Первую трансформацию искусству слова пришлось совершить в XX в., когда этого потребовал кинематограф. А он этого именно потребовал, поскольку выяснилось, что киноизображение не способно войти в органическую художественную связь с существовавшими литературными родами — ни с эпическим, ни с лирическим, ни даже с драматическим. Кинематограф оставался простым способом иллюстрирования повестей и пьес, пока не сложился новый род литературы — киносценарий — со своей специфической художественной структурой, существенно отличной от строения классических литературных родов, но вобравшей в себя в переработанном виде многие их элементы1. Тот синтез эпоса, лирики и драмы, который Днепров приписал роману, в действительности оказался характернейшей особенностью киносценарного рода литературного творчества. В свое время Е. Габрилович, исходя из того, что «кинодраматургия — литература {401} особого вида», обнаруживал своеобразие этого вида в особой «взаимосвязи диалога и прозы» (194, 20 – 37). Интересно, что далее, обращаясь к анализу нового компонента киноискусства — закадрового голоса, который «уничтожил немоту автора» так же, как раньше звуковое кино «уничтожило немоту персонажей фильма», Габрилович натолкнулся здесь, в сущности, на участие лирического элемента в кинодраматургическом синтезе, хотя не сумел это достаточно четко сформулировать (там же, 39 сл.).

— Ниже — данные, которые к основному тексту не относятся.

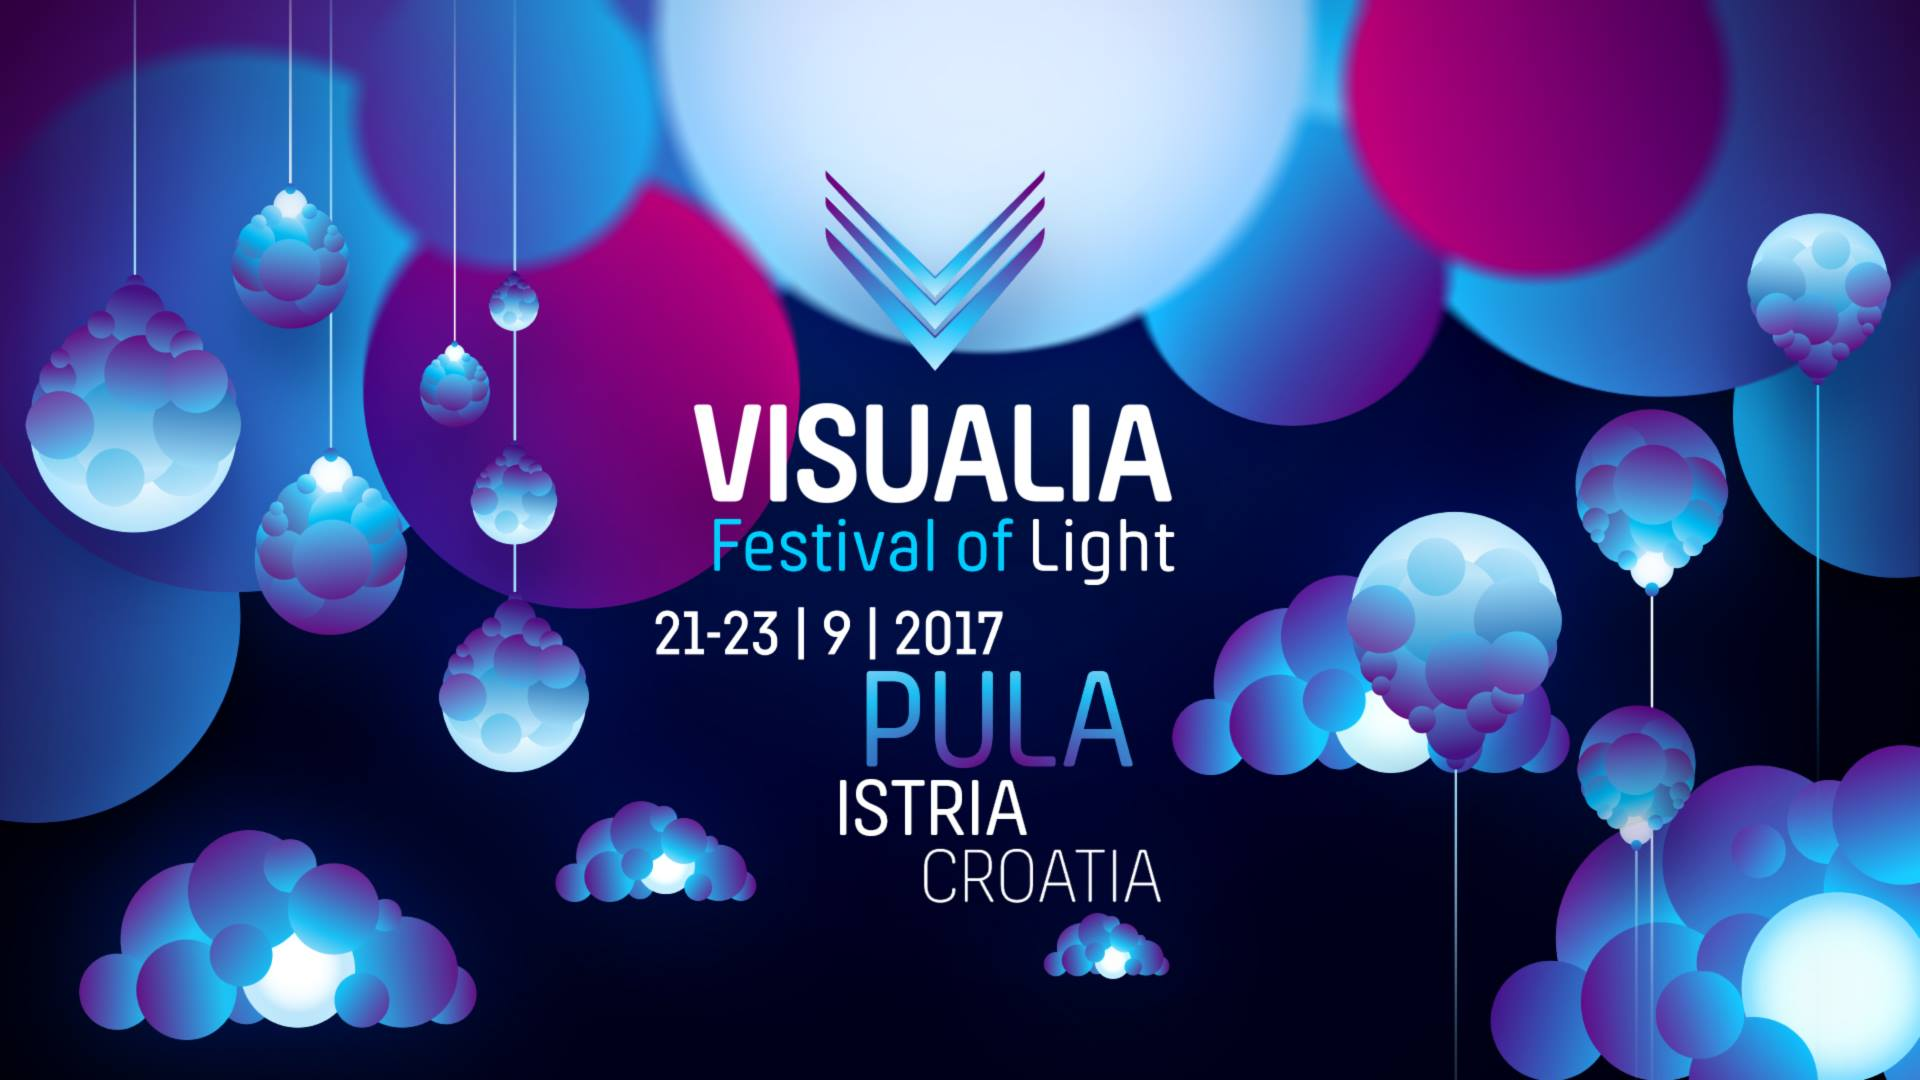 Visualia Event. eng, jpg

Разумеется, сценарий может по-разному сочетать родовые черты классических структур словесного искусства — показательно в этом смысле прочно утвердившееся в теории различение поэтического и прозаического кинематографа (см. специально посвященное этому интересное исследование Е. Добина — 209). В поэтическом фильме художественной доминантой является лирическое начало (вспомним, напр., фильм «Иваново детство»), в прозаическом такую роль играет начало эпическое (таков, напр., «Председатель»). Несомненно, однако, что существует и третий род фильмов — типа «Мари-Октябрь» или «Двенадцать разгневанных мужчин», структурной доминантой которых является драматическое начало и строение которых близко поэтому строению пьесы. Соответственно следует выделить не два, а три жанровых типа киносценарной литературы — кинопоэму, киноповесть или кинороман и кинопьесу (названия эти, конечно, условны, так как во всех трех случаях мы имеем дело всего лишь с преобладанием лирического, эпического или драматического способов изображения жизни, при единстве всех трех в синтетической структуре киносценария).

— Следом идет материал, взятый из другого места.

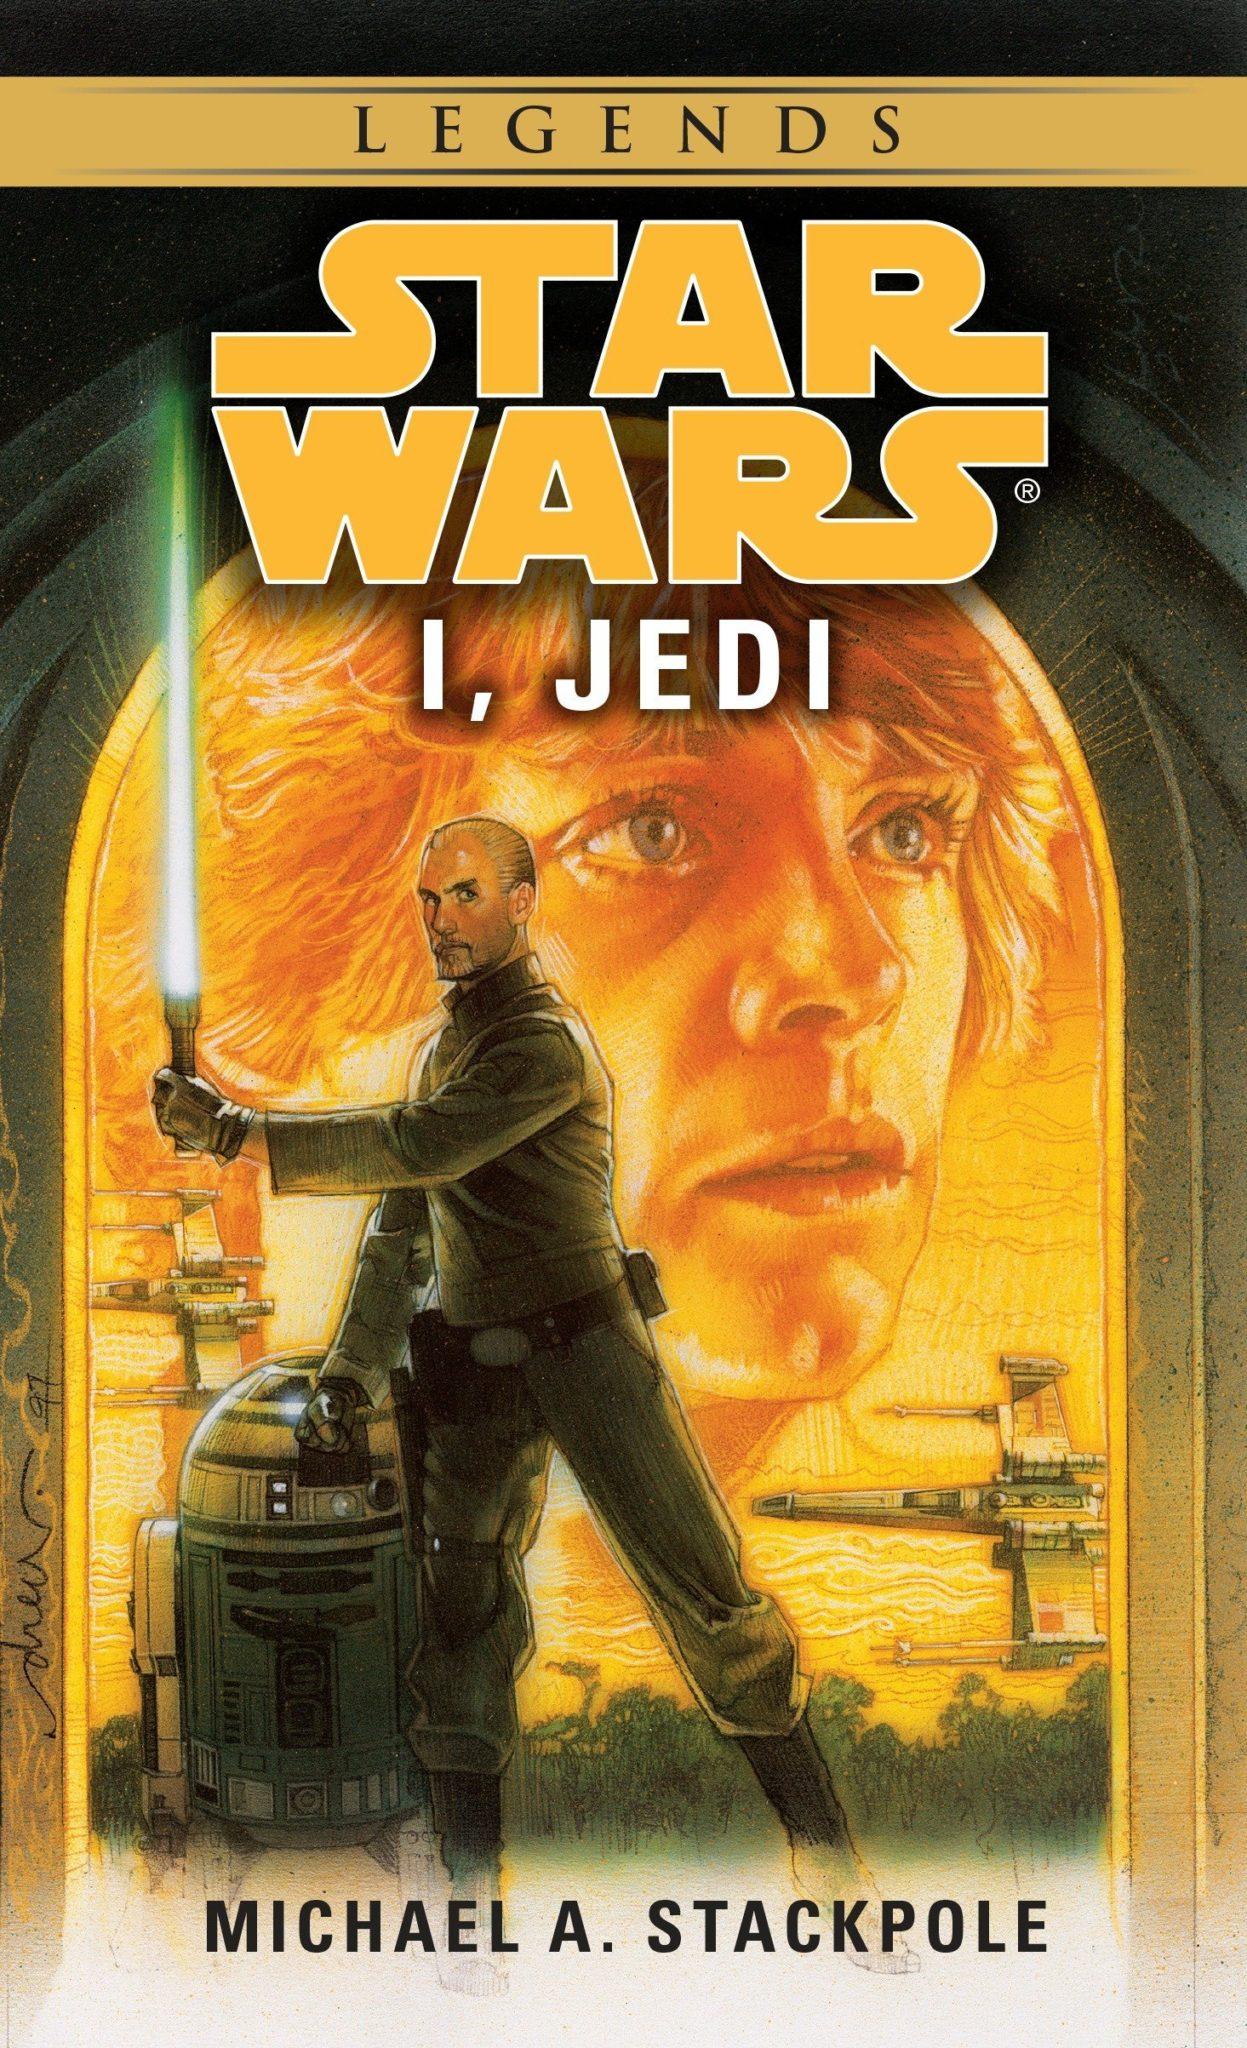 Star Wars books 16

Впрочем, небезынтересен и тот факт, что последние названные нами фильмы снимались по заказу телестудий. Уже отсюда можно сделать предположение, что жанр «кинопьесы» стоит на грани телевизионного сценария и в него непосредственно перетекает.

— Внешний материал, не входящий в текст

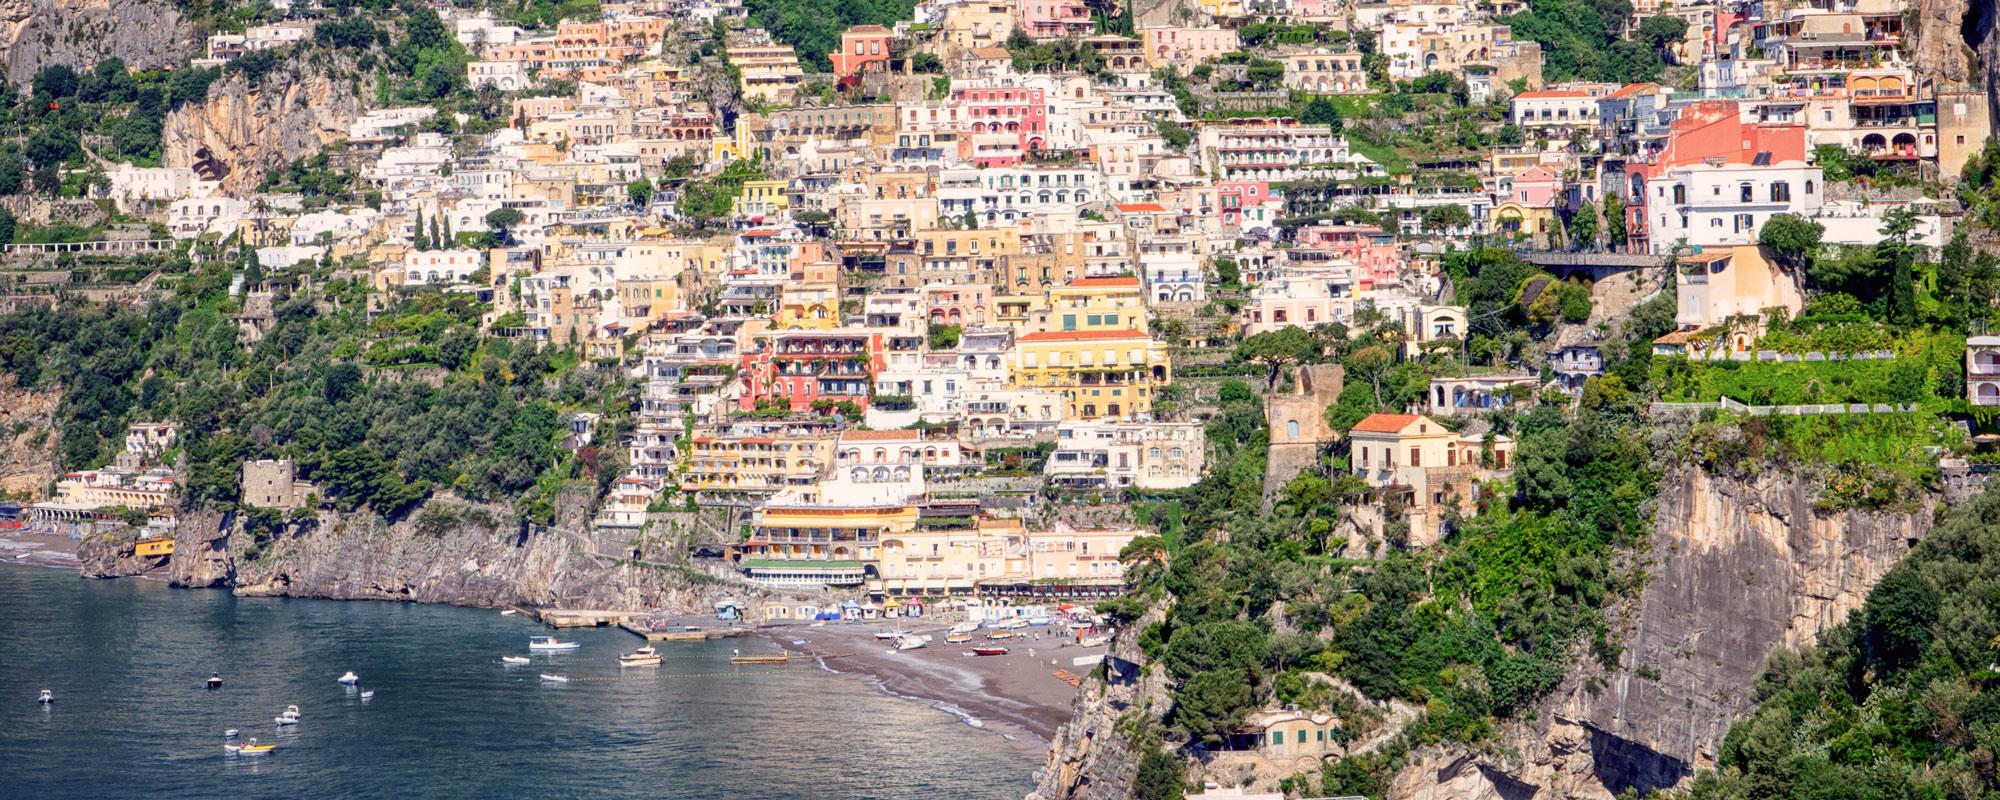 Campania Positano

Это предположение оправдывается при изучении реального положения вещей. Потому что процесс становления телевизионного искусства имел для родовой дифференциации литературного творчества последствия, аналогичные тем, какие имело развитие киноискусства. Быть может, еще рано говорить о существовании телесценария как самостоятельного и художественно полноценного в своей самостоятельности явления, но не подлежит сомнению, что здесь уже нащупываются контуры специфической художественной структуры, отличной от структуры киносценария и являющейся ростком будущего полноценного рода литературного творчества. Во всяком случае, такой крупный {402} практик и теоретик, как Роберте, утверждает, что на телевидении складывается «новый вид драматургии» (295).

Еще один новый род литературы сформировался в результате влияния на нее радиоискусства. Тут есть уже значительные художественные достижения — сошлемся хотя бы на замечательные радиопьесы Бёля, — которые позволяют считать рождение этого нового рода литературы состоявшимся (его особенности хорошо описаны в монографии Марченко — см. 265).

Все сказанное мы можем снова резюмировать в таблице:

Табл. 47

{403} Эта таблица, как нам кажется, достаточно наглядно показывает: реальная сила, вызывающая родовую дифференциацию искусства слова, — это его живые контакты с другими видами искусства. Она позволяет вполне отчетливо увидеть, что структура словесного творчества всякий раз модифицировалась, во имя того, чтобы стать пригодной для органического слияния с тем или иным смежным искусством.